I was exploring anomaly detection using isolation forests and got some strange results that make me skeptical of the technique. An isolation forest takes some data then repeatedly constructs binary trees where there split at each branch is random based on a single column/feature. The idea is that unusual values in a column will be branched quickly and therefore data items with unusual values will be close to the tree root. If you do this repeatedly and track the average depth of an item, items with small average depth are anomalous.


Left: baseline data. Right: One item changed to a young person who makes a lot of money.

In my mind I wondered how this algorithm could deal with a situation where a data item has two features, and each feature value is common but the combination of the two is very unusual. For example, suppose you have a bunch of people data with sex, age, income. The 20-29 year olds all have income in the $30,000s. The 50-59 year olds all have income in the $60,000s. But if you see a 20-year old with an income of $62,000, that person should definitely be flagged as an extreme anomaly.

I created such a 20-item dummy data file and ran it through the isolation forest implementation in the scikit-learn code library. With all normal data, weirdly, the isolation forest flagged four items as normal (+1) and the other 16 items as anomalies (-1). Hmm. Strange.

Then I changed one data item from (0, 0.22, 37), meaning a male, 22-year old who makes $37,000, to (0, 0.22, 62) — same person now makes $62,000 which is far more than any other person in their 20s. With the modified data, the isolation forest got quite different results that didn’t make much sense. Although the high-earning 22-year old was flagged as anomalous, it wasn’t flagged as anomalous as a 20-year old who makes $39,000 or the 59-year old who makes $60,000.

It looks as though the isolation forest is only looking at extreme values in individual features, and isn’t finding anomalies that result from interactions between features. For sure, there are many isolation forest parameters that I didn’t explore, and my dummy dataset was tiny, but still, the isolation forest anomaly detection results were strange.



Superheros and mutants are anomalous human beings. I’m not really a fan of superhero and mutant movies, but here are three clever spoofs that I enjoyed watching.

Left: “Mystery Men” (1999) featured a collection of third-rate superheros including The Shoveler who is very competent are shoveling dirt, Mr. Furious who has the ability to get very angry, and The Blue Raja who can throw forks and spoons with great accuracy. Very funny movie.

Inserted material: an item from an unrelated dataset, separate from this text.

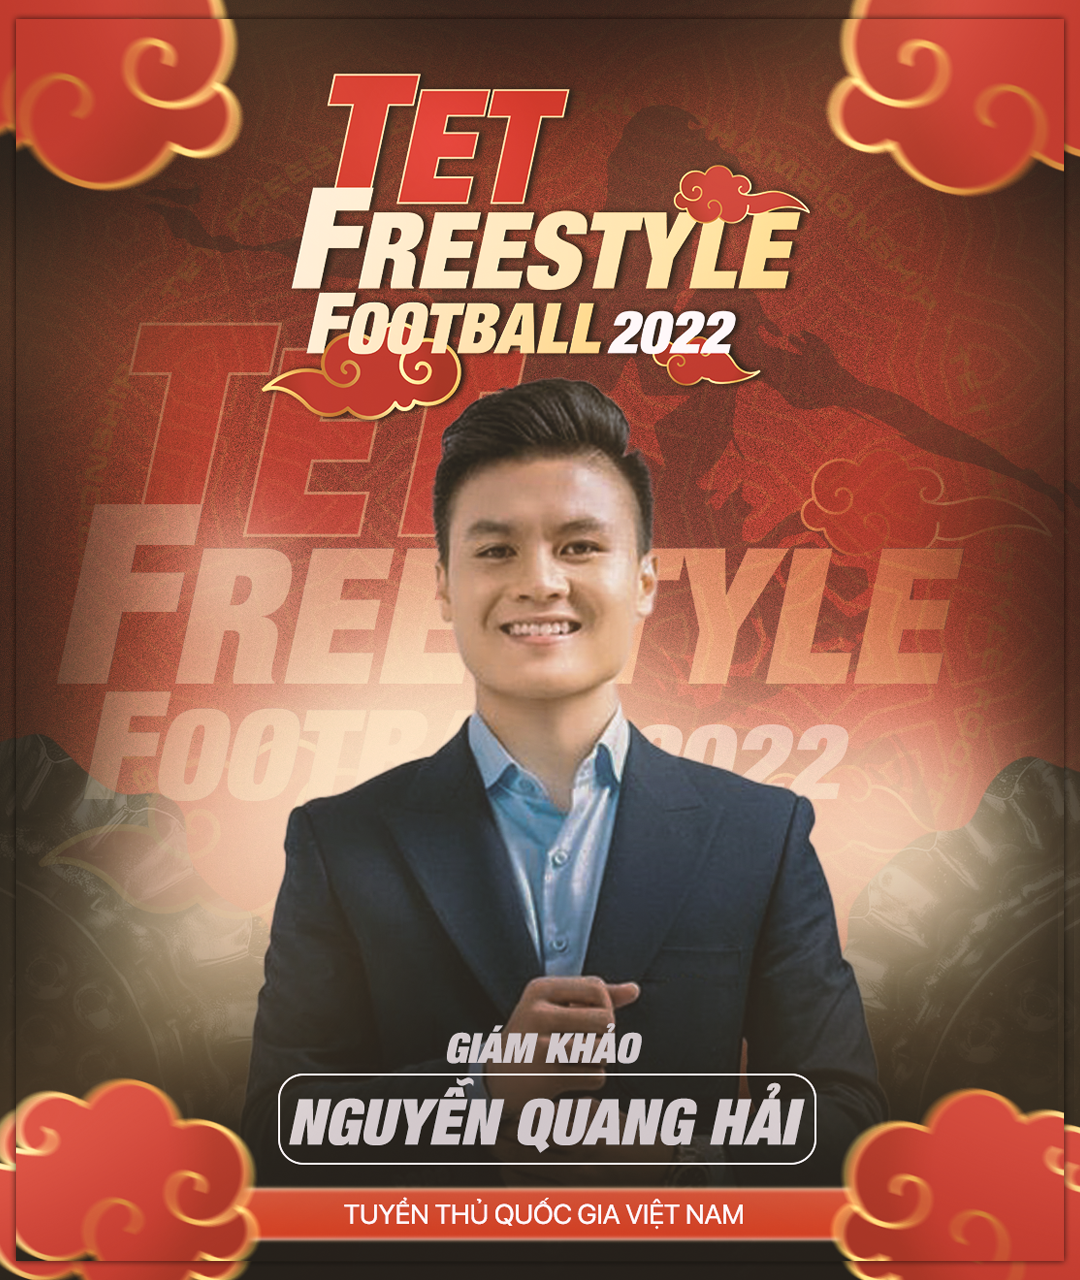 Quang Hải làm giám khảo Tết Freestyle Football 2022  - 2

Center: “Supervized” (2019) was set in a retirement home for superheros. The retirees included Pendle, Shimmy, and Ray. An OK film but not as good as the other two I show here.

Right: “Superhero Movie” (2008) mostly spoofs Spiderman but also has references to X-Men, the Fantastic Four and other movies. An uneven movie but some parts of it are hilarious.


Here’s the demo code with embedded data:

# iforest_weak_demo.py

import numpy as np
from sklearn.ensemble import IsolationForest

def main():
  print("\nBegin scikit Isolation Forest demo ")
  np.random.seed(1)

  data = np.array([
    [0,0.20,39],
    [1,0.21,38],
    # [0,0.22,37],
    [0,0.22,62], 
    [1,0.23,36],
    [0,0.24,35],
    [1,0.25,34],
    [0,0.26,33],
    [1,0.27,32],
    [0,0.28,31],
    [1,0.29,30],
    [0,0.50,69],
    [1,0.51,68],
    [0,0.52,67],
    [1,0.53,66],
    [0,0.54,65],
    [1,0.55,64],
    [0,0.56,63],
    [1,0.57,62],
    [0,0.58,61],
    [1,0.59,60]], dtype=np.float32)

  np.set_printoptions(precision=4, suppress=True, linewidth=100)
  print("\nData: ")
  print(data)

  iso_for = IsolationForest()
  model = iso_for.fit(data)
  print("\nPredcitions: ")
  predictions = model.predict(data)
  print(predictions)

  np.set_printoptions(precision=3, suppress=True, linewidth=40)
  print("\nAnomaly scores: ")
  scores = iso_for.score_samples(data)
  print(scores)

  print("\nEnd demo ")

if __name__ == "__main__":
  main()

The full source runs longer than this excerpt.